Although deleting the StorageOSCluster Custom Resource will stop StorageOS, the data will be safe. When StorageOS starts again, the Volumes will be available.
-
Connect to one of the newly-added nodes, and use
etcdctl
to remove the old Etcd nodes 1 by 1:$ ETCDCTL_API=3 etcdctl --endpoints=http://127.0.0.1:2379 member remove 48823f29326a24f7 Member 48823f29326a24f7 removed from cluster 97f788d9ca9b3357
After removing a node, check that Etcd is healthy and quorum has been maintained with the following commands:
export ETCD_ENDPOINTS="http://192.168.2020.40:2379,http://192.168.174.117.2379,..." etcdctl --endpoints $ETCD_ENDPOINTS endpoint health -w table etcdctl --endpoints $ETCD_ENDPOINTS endpoint status -w table
-
Edit the
kvBackend.address
parameter of the StorageOS Custom Resource Definition to reflect the locations of the new Etcd nodes, removing the references to the old nodes -
Recreate the StorageOS Custom Resource with the newly-edited
kvBackend.address
parameter -
Perform a
member list
again, to confirm that only the new machines are still present in the cluster:$ ETCDCTL_API=3 etcdctl --endpoints=http://127.0.0.1:2379 member list 4a5820690b65300c, started, etcd-192.168.152.142, http://192.168.152.142:2380, http://192.168.152.142:2379, false b1780933f495adb3, started, etcd-192.168.150.122, http://192.168.150.122:2380, http://192.168.150.122:2379, false ee47ff85984afcc0, started, etcd-192.168.198.252, http://192.168.198.252:2380, http://192.168.198.252:2379, false
At this stage Etcd has been successfully migrated.
Etcd Learners
As of v3.4, Etcd includes the functionality to add a new member as a “learner” (a non-voting member of the cluster). This makes the process of adding new members safer, as it allows the new member to complete the process of synchronisation before participating in quorum, minimising cluster downtime.

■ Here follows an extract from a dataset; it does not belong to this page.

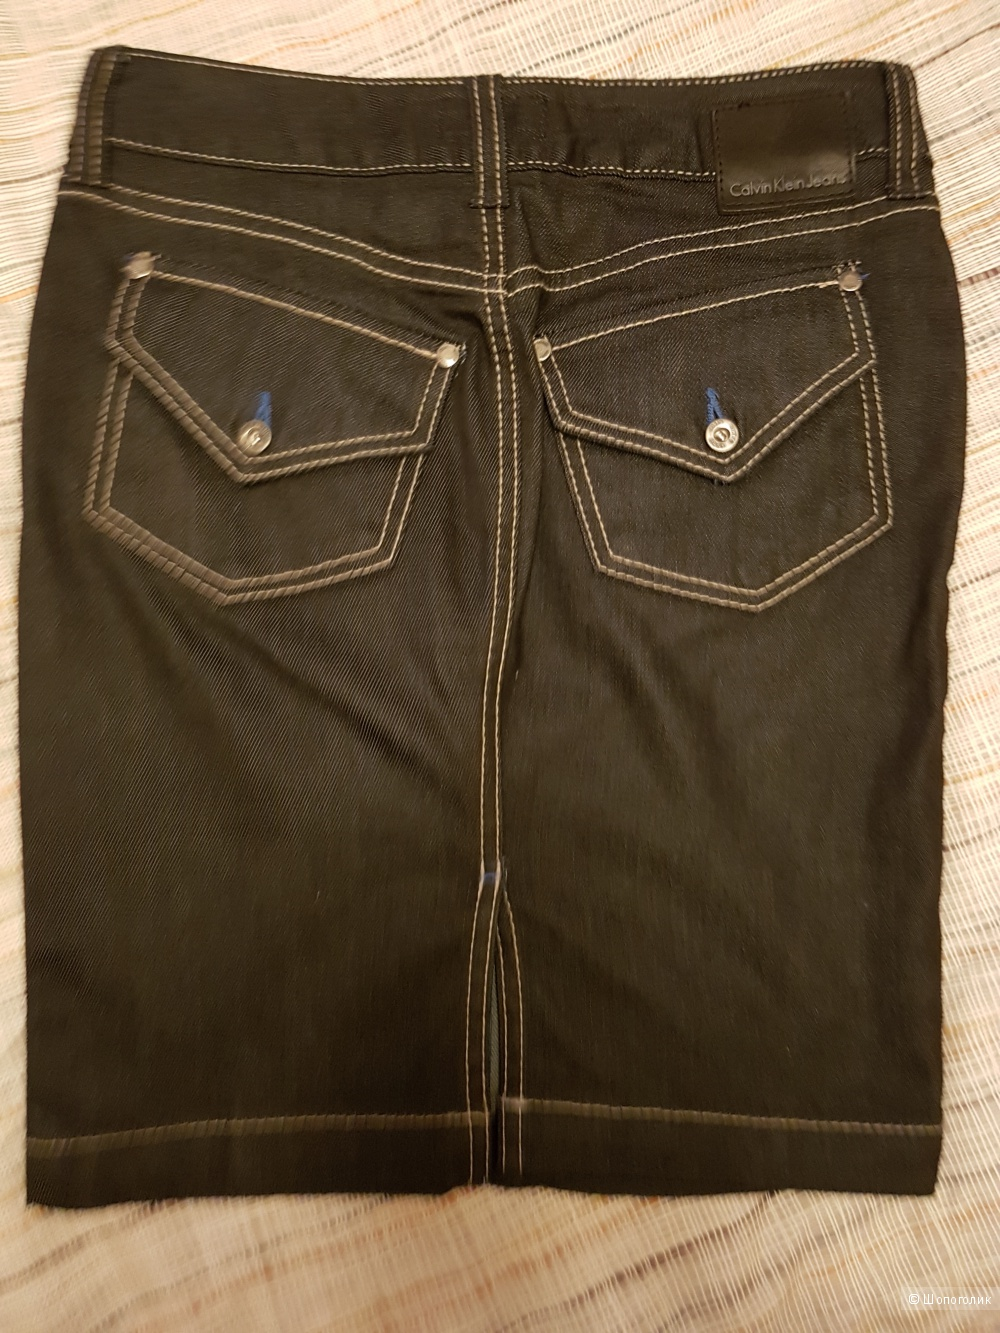 Джинсовая юбка CALVIN KLEIN, размер XS

If you are using an earlier version of etcd, make the following substitutions to the above process:
- In step 2, replace the
etcdctl member add --learner
command withetcdctl member add
- Skip the
etcdctl member promote <member id>
command
Using Etcd learners provides added resilience, so consider upgrading to a version of Etcd that supports this as soon as possible.